Что, не помогло? Так, эту полосу убираем, она лишь утяжеляет конструкцию, попробуем подкосик вот тут… Теперь ты, Гюрин. Фитха – в хвост. Задание то же.

Чепуха сущая: каких-то четыре попытки, и вибрации больше не ощущается. Но все же я настоял: скорость, ребята, более двухсот сорока не держать.

Хорот, несколько уязвленный таким ударом по репутации, поинтересовался:

– А потом, когда ребята вернутся, можно еще попробовать изучать?

– Не можно, а нужно.

Через неделю начался сезон штормов. Между делом опробовали бортовой туалет и улучшили его герметичность. В результате запах стал почти незаметным. Еще через две недели уже ничего тренировочного в голову не приходило.

Отбытие состоялось самым ранним утром: сразу после рассвета.

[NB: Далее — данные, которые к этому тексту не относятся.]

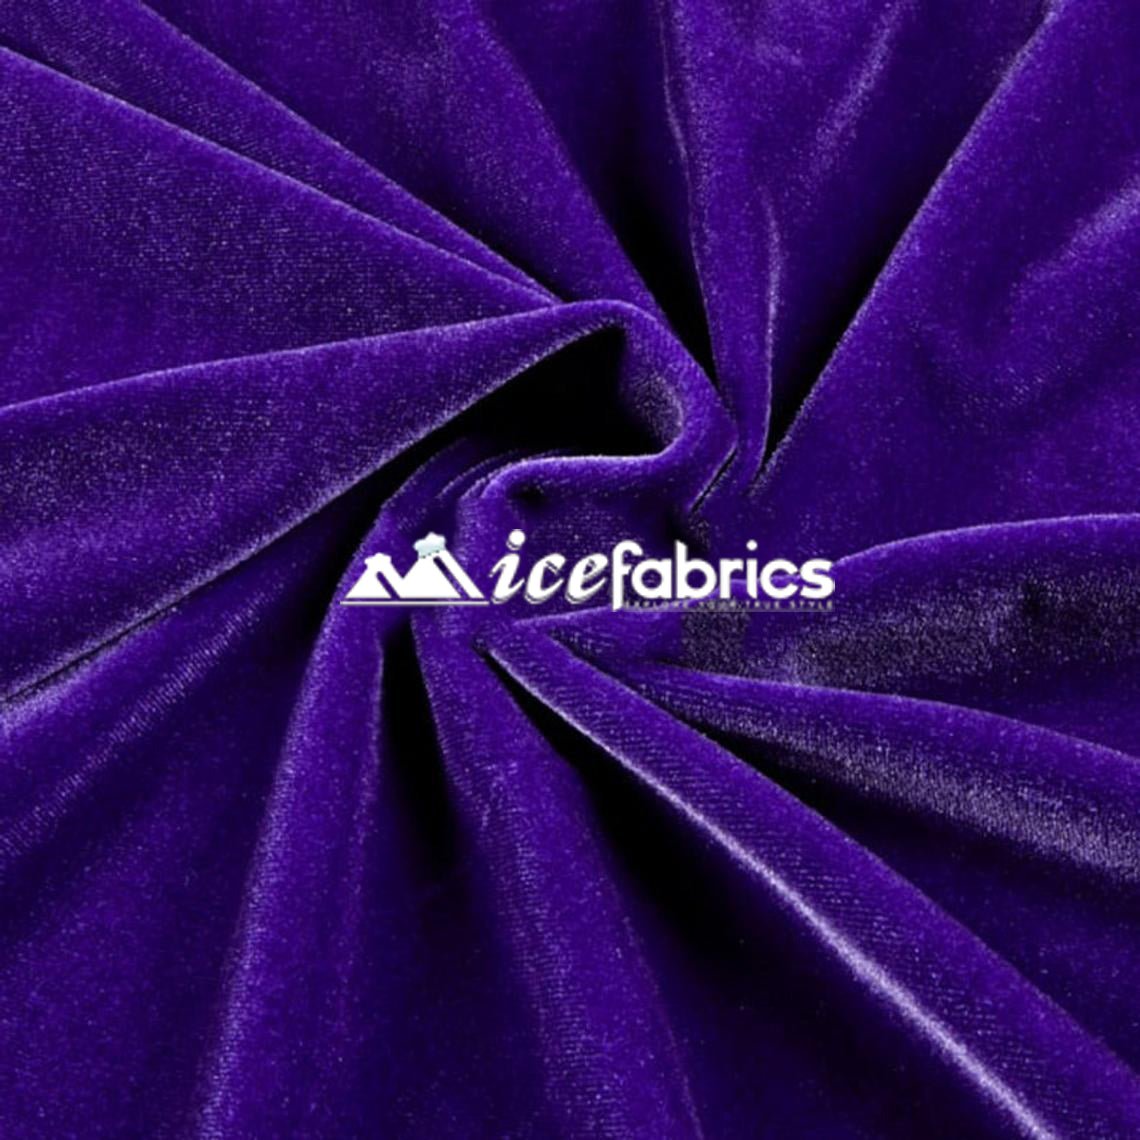 Purple Velvet Fabric By The Yard | 4 Way StretchVelvet FabricICE FABRICSICE FABRICSBy The Yard (58" Wide)Purple Velvet Fabric By The Yard | 4 Way Stretch ICE FABRICS

Мне осталось лишь отдать предполетный приказ:

– Всё, ребята, можно лететь. Готхар!

Блондин стал по стойке «смирно».

– Назначаетесь исполняющим обязанности командира самолета! Гюрин!

Все же бывший рядовой лучше знал устав:

– Я!

– Будете вторым летчиком! Фитха!

Круглая девичья мордочка с большим трудом удерживалась от горделивой улыбки.

– Назначаетесь третьим летчиком!

Улыбка все же прорвалась.

– Порядок вахт в полетном задании, порядок связи – там же. Первой за штурвалом Фитха, потом Гюрин, далее Готхар. Удачи!

Объяснять суть выражения «ни пуха ни пера» было уже некогда. Поэтому оно не прозвучало.

Другая сцена, которую я видеть никак не мог

Рыжая летчица старательно притворялась, что для нее взлет с четырьмя людьми на борту – дело обыденное. Готхар скучающе глядел в иллюминатор, то же самое делал и Хазир. По правде говоря, зрелище не было захватывающим: самолет уже вошел в облачность. Гюрин находился при исполнении: одним глазом он поглядывал на напарницу, другим – на приборную доску. На время первой вахты ему предстояло исполнять обязанности штурмана и радиста, а в чрезвычайной ситуации – и летчика.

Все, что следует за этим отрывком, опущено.